On 3/13/24 2:40 PM, Willem de Bruijn wrote:
> Abhishek Chauhan (ABC) wrote:
>>
>>
>> On 3/13/2024 2:01 PM, Martin KaFai Lau wrote:
>>> On 3/13/24 12:36 PM, Willem de Bruijn wrote:
>>>> Martin KaFai Lau wrote:
>>>>> On 3/13/24 1:52 AM, Willem de Bruijn wrote:
>>>>>> Martin KaFai Lau wrote:
>>>>>>> On 3/1/24 12:13 PM, Abhishek Chauhan wrote:
>>>>>>>> Bridge driver today has no support to forward the userspace timestamp
>>>>>>>> packets and ends up resetting the timestamp. ETF qdisc checks the
>>>>>>>> packet coming from userspace and encounters to be 0 thereby dropping
>>>>>>>> time sensitive packets. These changes will allow userspace timestamps
>>>>>>>> packets to be forwarded from the bridge to NIC drivers.
>>>>>>>>
>>>>>>>> Setting the same bit (mono_delivery_time) to avoid dropping of
>>>>>>>> userspace tstamp packets in the forwarding path.
>>>>>>>>
>>>>>>>> Existing functionality of mono_delivery_time remains unaltered here,
>>>>>>>> instead just extended with userspace tstamp support for bridge
>>>>>>>> forwarding path.
>>>>>>>
>>>>>>> The patch currently broke the bpf selftest test_tc_dtime:
>>>>>>> https://github.com/kernel-patches/bpf/actions/runs/8242487344/job/22541746675
>>>>>>>
>>>>>>> In particular, there is a uapi field __sk_buff->tstamp_type which currently has
>>>>>>> BPF_SKB_TSTAMP_DELIVERY_MONO to mean skb->tstamp has the MONO "delivery" time.
>>>>>>> BPF_SKB_TSTAMP_UNSPEC means everything else (this could be a rx timestamp at
>>>>>>> ingress or a delivery time set by user space).
>>>>>>>
>>>>>>> __sk_buff->tstamp_type depends on skb->mono_delivery_time which does not
>>>>>>> necessarily mean mono after this patch.
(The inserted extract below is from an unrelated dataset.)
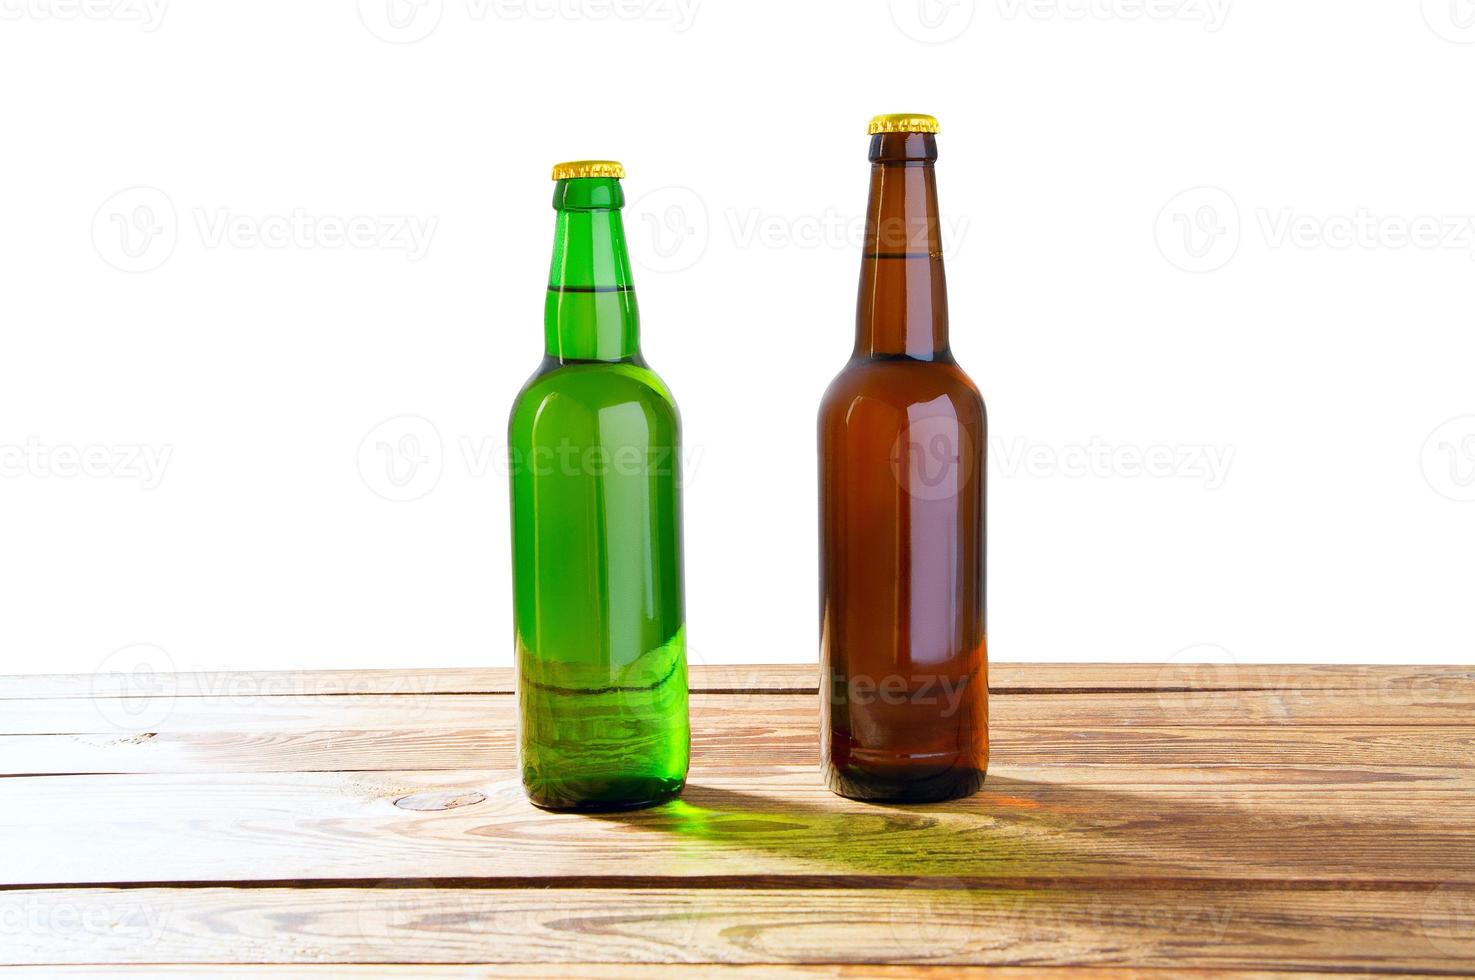 foto de dos botellas de cerveza llenas diferentes sin etiquetas. Trazado de recorte separado para cada botella incluida. Dos fotos separadas fusionadas. Botellas de vidrio de cerveza diferente sobre fondo blanco claro

I thought about fixing it on the bpf
>>>>>>> side such that reading __sk_buff->tstamp_type only returns
>>>>>>> BPF_SKB_TSTAMP_DELIVERY_MONO when the skb->mono_delivery_time is set and skb->sk
>>>>>>> is IPPROTO_TCP. However, it won't work because of bpf_skb_set_tstamp().
>>>>>>>
>>>>>>> There is a bpf helper, bpf_skb_set_tstamp(skb, tstamp,
>>>>>>> BPF_SKB_TSTAMP_DELIVERY_MONO). This helper changes both the skb->tstamp and the
>>>>>>> skb->mono_delivery_time. The expectation is this could change skb->tstamp in the
>>>>>>> ingress skb and redirect to egress sch_fq. It could also set a mono time to
>>>>>>> skb->tstamp where the udp sk->sk_clockid may not be necessary in mono and then
>>>>>>> bpf_redirect to egress sch_fq. When bpf_skb_set_tstamp(skb, tstamp,
>>>>>>> BPF_SKB_TSTAMP_DELIVERY_MONO) succeeds, reading __sk_buff->tstamp_type expects
>>>>>>> BPF_SKB_TSTAMP_DELIVERY_MONO also.
>>>>>>>
>>>>>>> I ran out of idea to solve this uapi breakage.
>>>>>>>
>>>>>>> I am afraid it may need to go back to v1 idea and use another bit
>>>>>>> (user_delivery_time) in the skb.
>>>>>>
>>>>>> Is the only conflict when bpf_skb_set_tstamp is called for an skb from
>>>>>> a socket with sk_clockid set (and thus SO_TXTIME called)?
>>>>>
>>>>> Right, because skb->mono_delivery_time does not mean skb->tstamp is mono now and
>>>>> its interpretation depends on skb->sk->sk_clockid.
>>>>>
>>>>>> Interpreting skb->tstamp as mono if skb->mono_delivery_time is set and
>>>>>> skb->sk is NULL is fine. This is the ingress to egress redirect case.
>>>>>
>>>>> skb->sk == NULL is fine. I tried something like this in
>>>>> bpf_convert_tstamp_type_read() for reading __sk_buff->tstamp_type:
>>>>>
>>>>> __sk_buff->tstamp_type is BPF_SKB_TSTAMP_DELIVERY_MONO when:
>>>>>
>>>>>      skb->mono_delivery_time == 1 &&
>>>>>      (!skb->sk ||
>>>>>       !sk_fullsock(skb->sk) /* tcp tw or req sk */ ||
>>>>>       skb->sk->sk_protocol == IPPROTO_TCP)
>>>>>
>>>>> Not a small bpf instruction addition to bpf_convert_tstamp_type_read() but doable.
>>>>>
>>>>>>
>>>>>> I don't see an immediate use for this BPF function on egress where it
>>>>>> would overwrite an SO_TXTIME timestamp and now skb->tstamp is mono,
>>>>>> but skb->sk != NULL and skb->sk->sk_clockid != CLOCK_MONOTONIC.
>>>>>
>>>>> The bpf prog may act as a traffic shaper that limits the bandwidth usage of all
>>>>> outgoing packets (tcp/udp/...) by setting the mono EDT in skb->tstamp before
>>>>> sending to the sch_fq.
>>>>>
>>>>> I currently also don't have a use case for skb->sk->sk_clockid !=
>>>>> CLOCK_MONOTONIC. However, it is something that bpf_skb_set_tstamp() can do now
>>>>> before queuing to sch_fq.
>>>>>
>>>>> The container (in netns + veth) may use other sk_clockid/qdisc (e.g. sch_etf)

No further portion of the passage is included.